### Work instruction
Output only the lines below from the one holding "Samsung Sync Master" down to the one holding "ポスター保存の決定版 ラージサイズクリアファイル 920×620mm対応", both end lines included and every picture dropped.

### Material supplied

--------------------------------

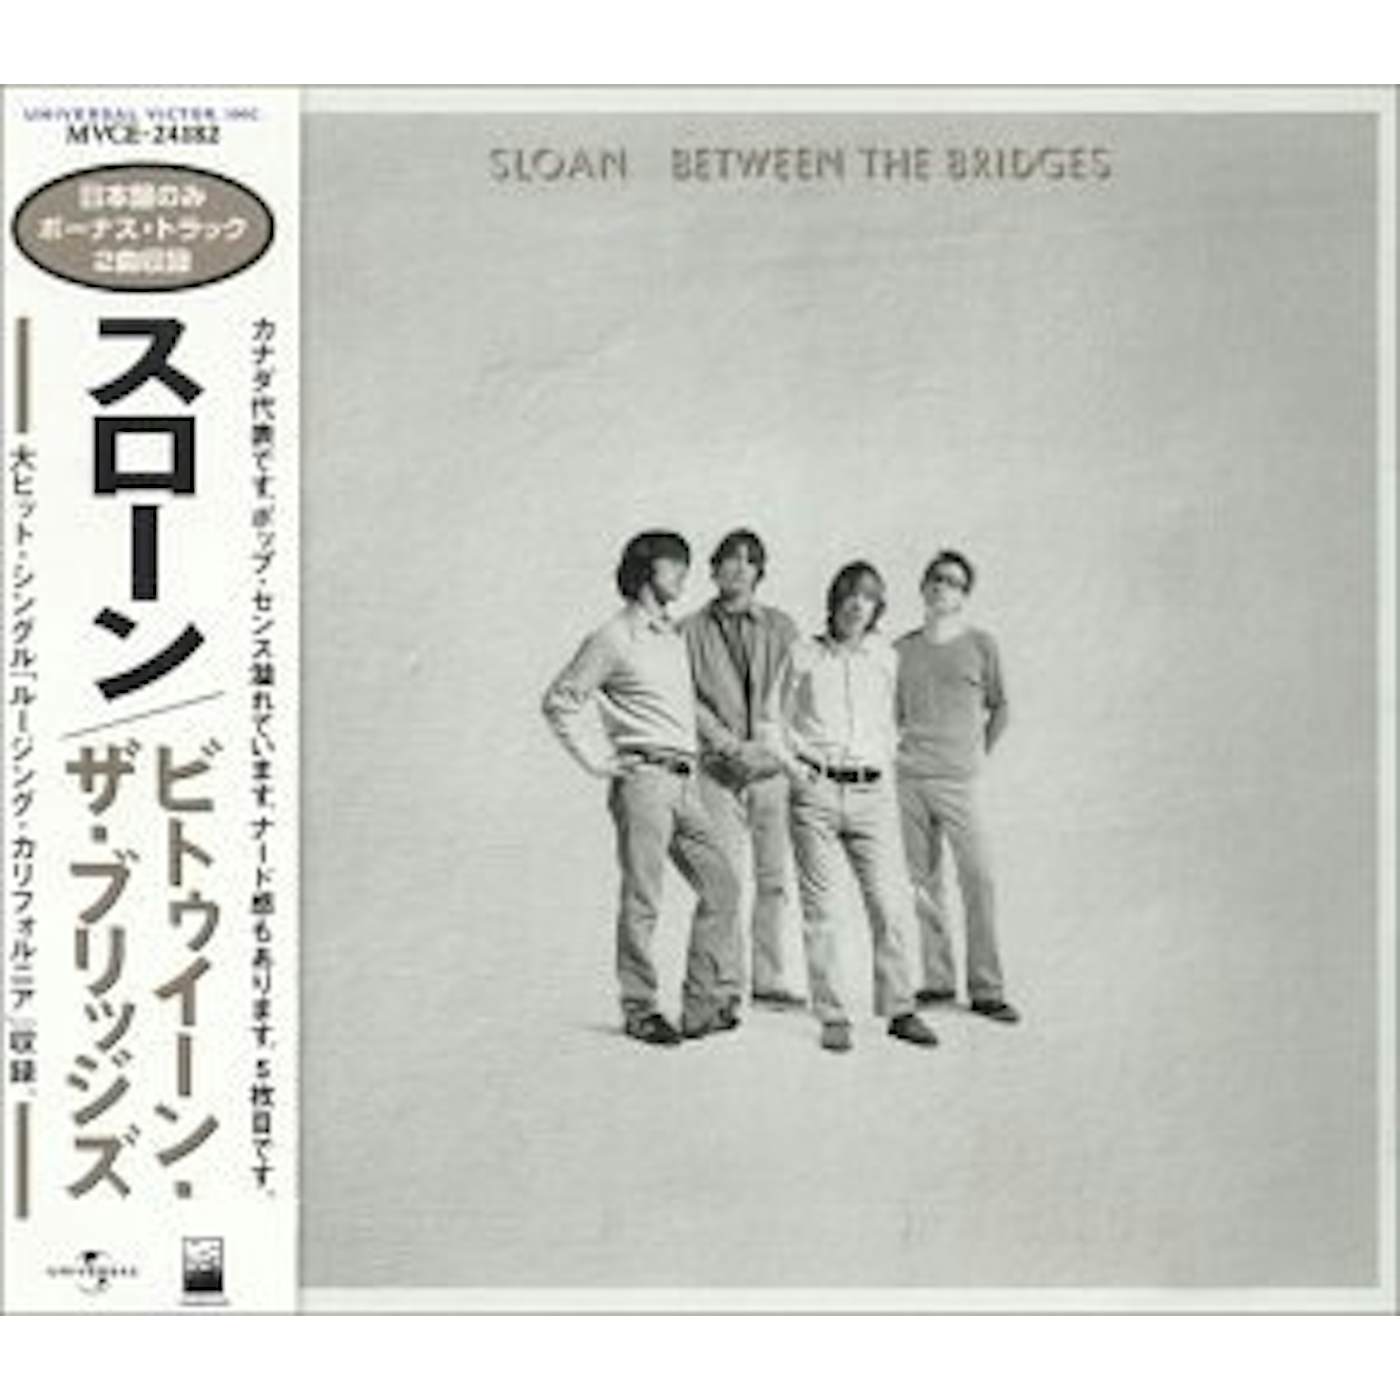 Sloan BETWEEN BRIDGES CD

--------------------------------

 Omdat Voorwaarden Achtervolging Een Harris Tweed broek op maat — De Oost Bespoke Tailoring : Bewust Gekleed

--------------------------------

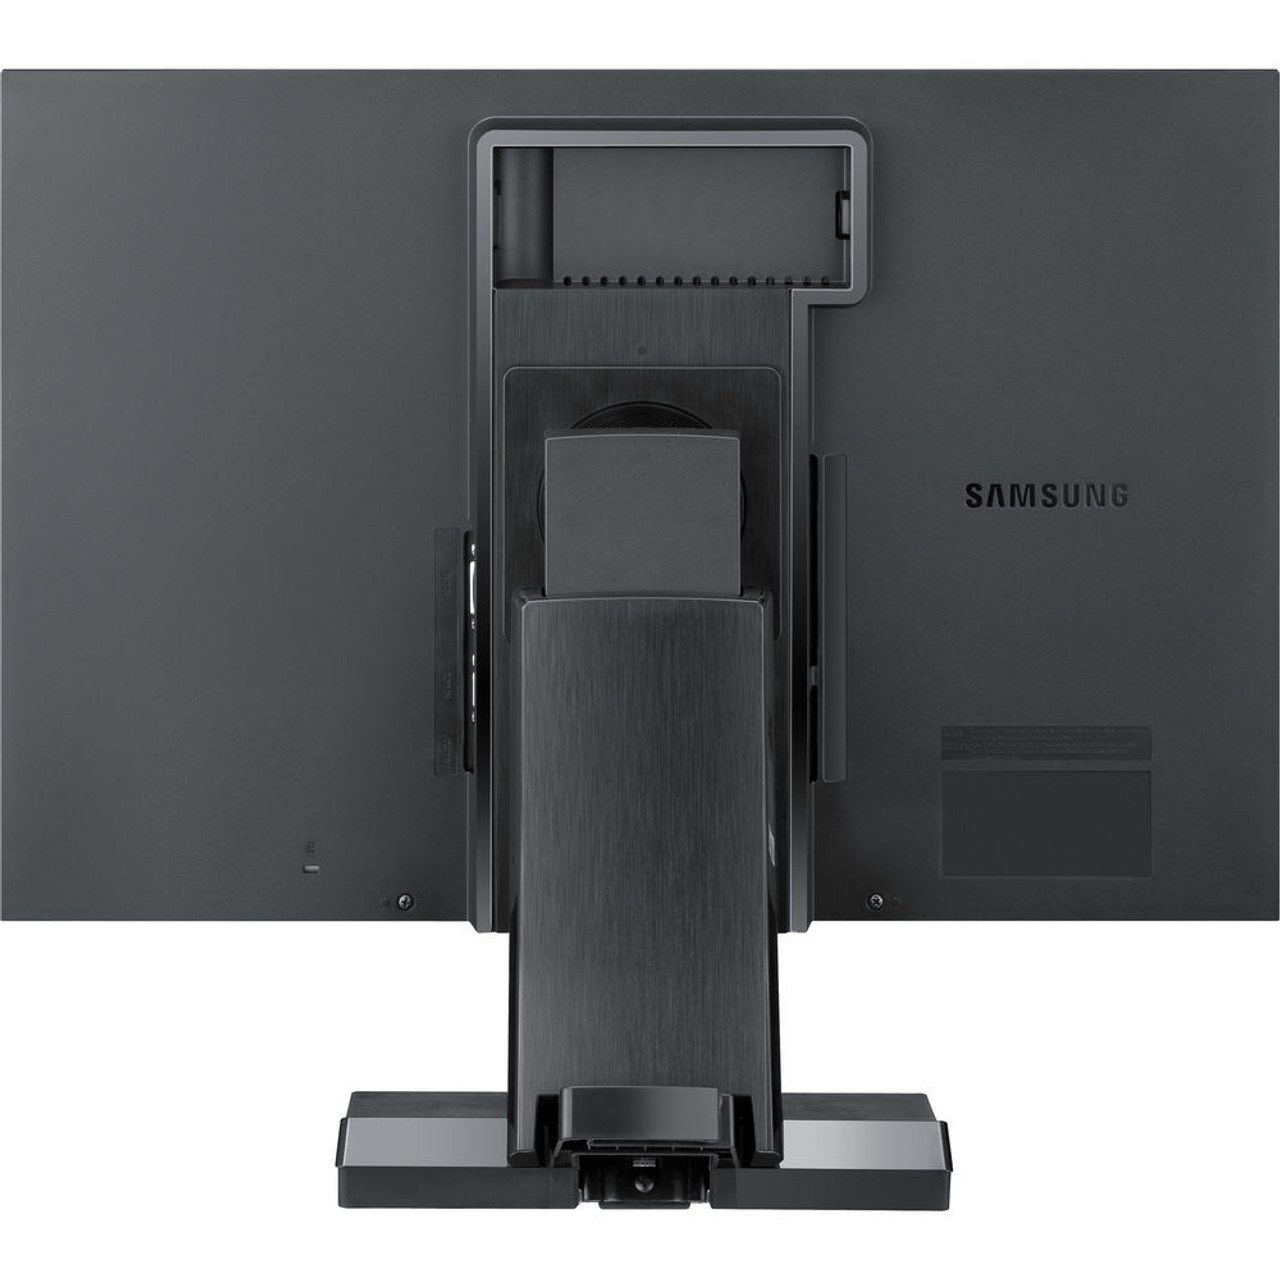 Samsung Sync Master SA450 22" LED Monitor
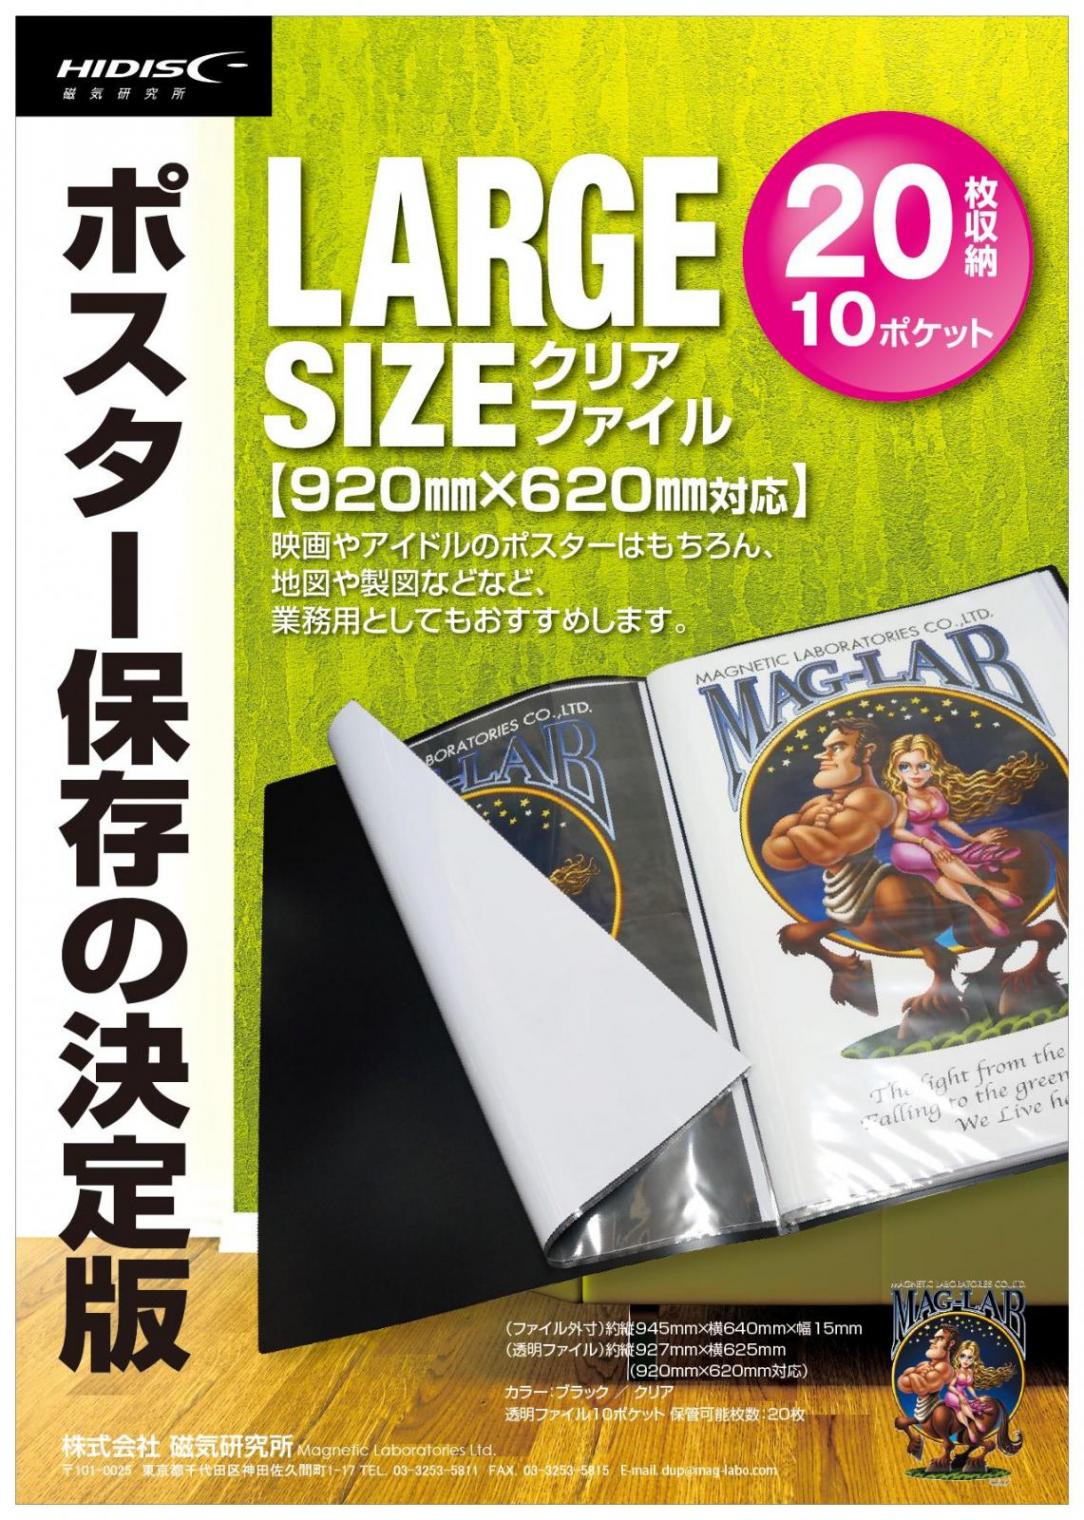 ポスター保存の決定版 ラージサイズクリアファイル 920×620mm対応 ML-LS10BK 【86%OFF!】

--------------------------------

### Result of the exercise
 Samsung Sync Master SA450 22" LED Monitor
 ポスター保存の決定版 ラージサイズクリアファイル 920×620mm対応 ML-LS10BK 【86%OFF!】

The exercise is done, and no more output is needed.